Taaaaaa... przystojny ginekolog [emoji85][emoji23] może tacy się zdarzają, ale sie jeszcze na takiego nie natknęłam [emoji16] a to i lepiej, bo moze bardziej bym sie wstydziła [emoji85][emoji5]
Na pewno sie unormuje, mam nadzieję, że szybciej niż pózniej [emoji28]
mój jest młody i przystojny, taki trochę typ księcia ze shreka, więc o tyle dobrze, że nie w moim guście :D ale jak powiedziałam mężowi, że będę do niego chodziła jeszcze po ciąży, bo jest bardzo fajny, to zapytał "a po co?" :-D

Dzien doberek
Dzisiaj mam 28+4 i umowilam sie na wyrwanie 8 dolnej kurcze boje sie ze w ostatniej chwili sie rozmysle [emoji52]

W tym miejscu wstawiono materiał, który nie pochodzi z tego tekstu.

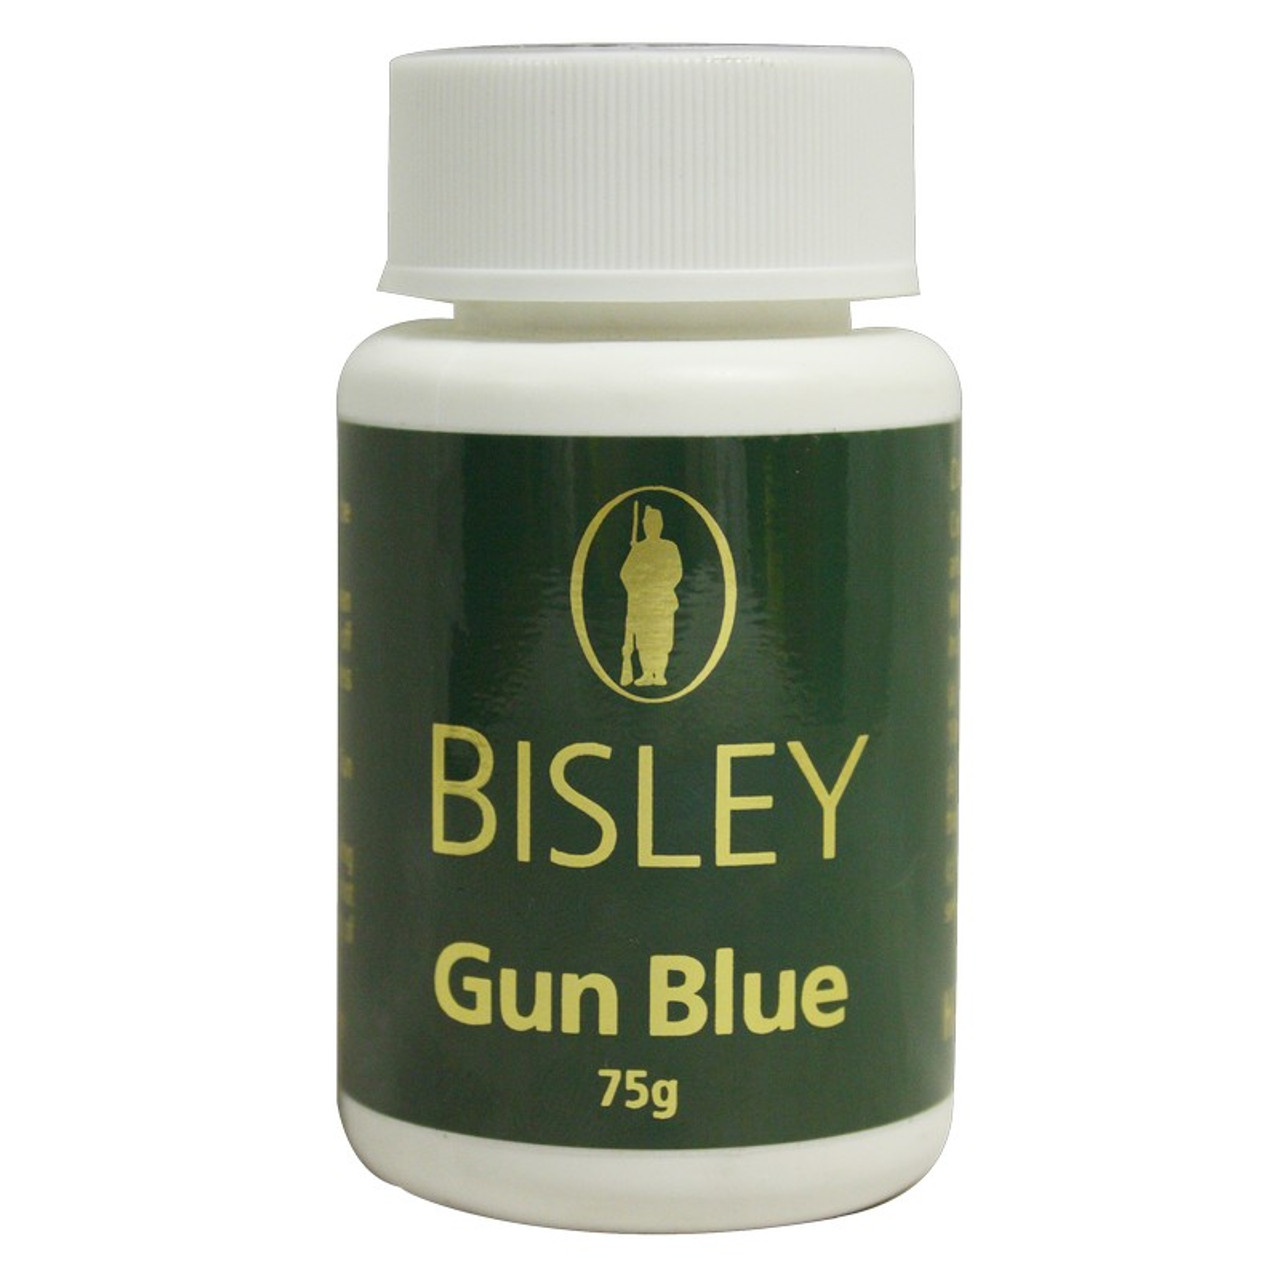 Best price for Bisley Gun Blue, on sale at Bradford Stalker

A po zatym takie cudo mi sie trafilo jeszcze spacerowka i nosidelko jest do tego Zobacz załącznik 899537Zobacz załącznik 899538Zobacz załącznik 899540
ja mam aż 3 ósemki do wyrwania, ale chyba bym się nie zdecydowała na rwanie w ciąży, pamiętając ból po ostatnim wyrywaniu zęba :szok: a Ty coś masz z nią poważnego, że muszą Ci ją usunąć akurat teraz i nie można poczekać?

Hej
Ja dalej w szpitalu
Dziś nie wyjde napewno
Bylo kilku lekarzy dzis na obchodzue razem z ordynatorem.

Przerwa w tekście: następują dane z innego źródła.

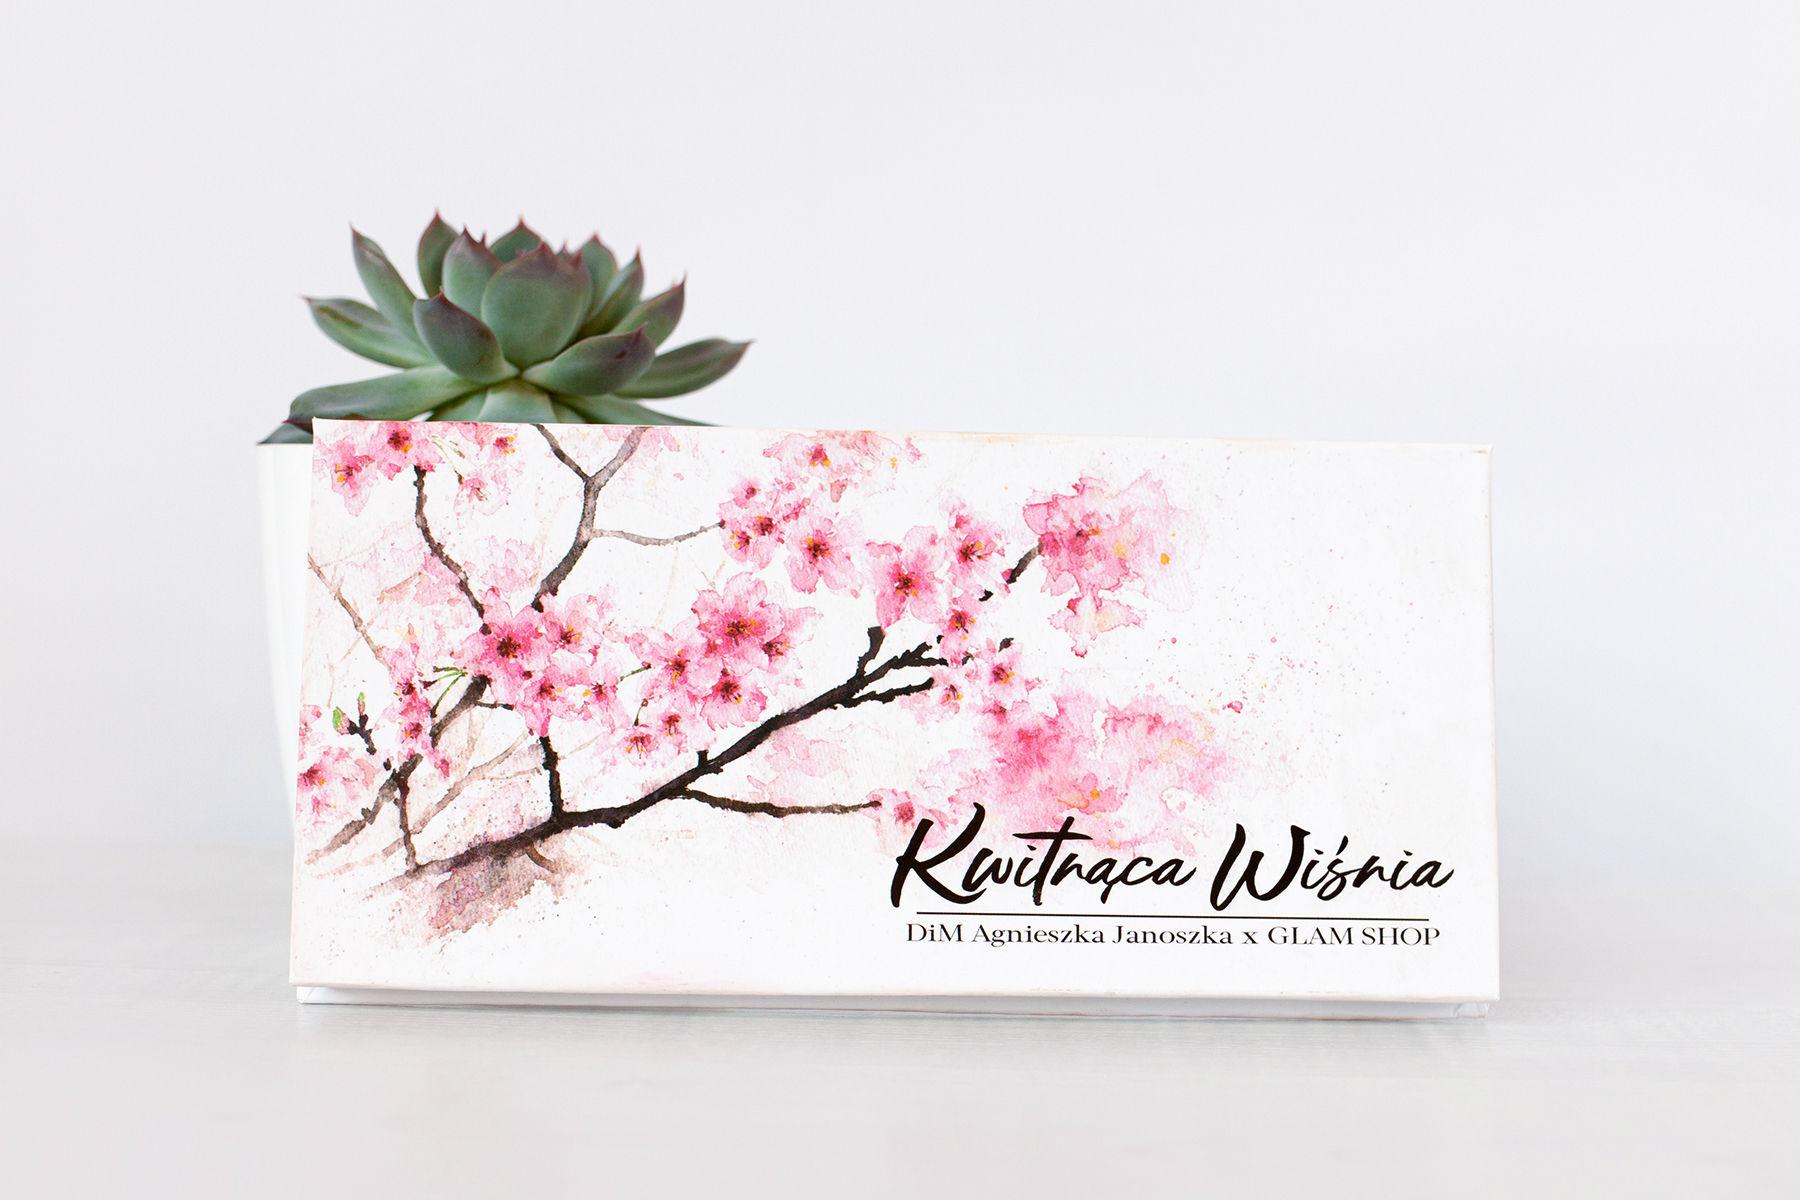 Kwitnąca Wiśnia fotografia produktowa

Ordynator zadecydowal jeszcze dzis o pomiarach cukru zajżeli też do moich notatek i powiedzieli że szaleństwo z tymi cukrami i że napewno dostane insuline juz bezdyskusyjnie. Wiec teraz ta obserwacja żeby ustalić dawki insuliny. Wczoraj mialam ktg 2 razy dzis juz z rana też ba śpiocha bo o 6 rano. Ale posluchalam sobie Kajtusia. Kilka razy w ciagu dnia tez sprawdzaja tak tylko na chwile serduszko. Dostalam tez zakaz glaskania brzucha to pobudza skurcze i smarowanko kremami też powiedzieli że lepiej nie prowokować skurczy a jest na to zdecydowanie za wcześnie. Wiec dziewczyny co wam sie stawia macica i macie bóle niedtety nie dotykajcie brzuszków. Mialam tak tez w pierwszej ciaży tylko tam non stop mialam skurcze.
Jest mi tu nudno i smutno
Dzis znów płakałam niestety hormony robia swoje plus moja sytuacja to masakra a to wszystko powoduje problemy z cukrem. Ah... Moja kokeżanka jest w ciąży o tydzień mlodszej i tez jest w szpitalu od piatku ze skurczami co 3 min dostaje leki przez pompe i juz podali jej sterydy skurcze sie wyciszaja ale szyjka juz sie przez to mocno skróciła. Leki ktore jej podaja mozna dawac tylko do 33tc wiec jak dotrwa do tego czasu to bedzie super ale potem juz im sie nie uda dluzej tego utrzymac . słabo.
Kurcze, te stresy też na pewno troszkę się do tego przyczyniły :( wiem, że Ci nudno i smutno ale bezpiecznie dla Ciebie i dziecka, więc głowa do góry ;) zaopatrzą Cię w insulinę i cukier też nie będzie już tak szalał. Chyba najsmutniejsze to niedotykanie brzuszka, ale przynajmniej sobie posłuchasz i pooglądasz małego na wszystkie strony podczas pobytu ;) Miłego leżonka, odpoczywaj!
 
U mnie dziś za ciepło, miałam z mężem iść po dzieci, ale nie mogę w tym słońcu. Pojechał po nie rowerem [emoji4]
Brzuszek dziś troszkę dokucza.
O tym żeby nie głaskać brzucha wiem od mojego ginekologa, i chyba nawet pisałam o tym. Lepiej nie wywoływać wilka z lasu. Za tydzień w środę mam wizytę. Zobaczymy czy coś się dzieje
 
Dita ja w pierwszej ciąży miałam młodego i przystojnego. Kurde na dodatek bardzo kompetentny. Widział, że córka wokół szyi dwa razy owinięta pępowiną i boli mnie spojenie łonowe, więc coś jest na rzeczy i skierował do szpitala. W szpitalu po usg lekarz powiedział, a który to lekarz widział, że córka dwa razy owinięta, jak powiedziałam, to on do mnie to ma dobre oko i zapytał mnie: "ale przystojny jest prawda?", ja oczywiście zawstydzona, że mam męża.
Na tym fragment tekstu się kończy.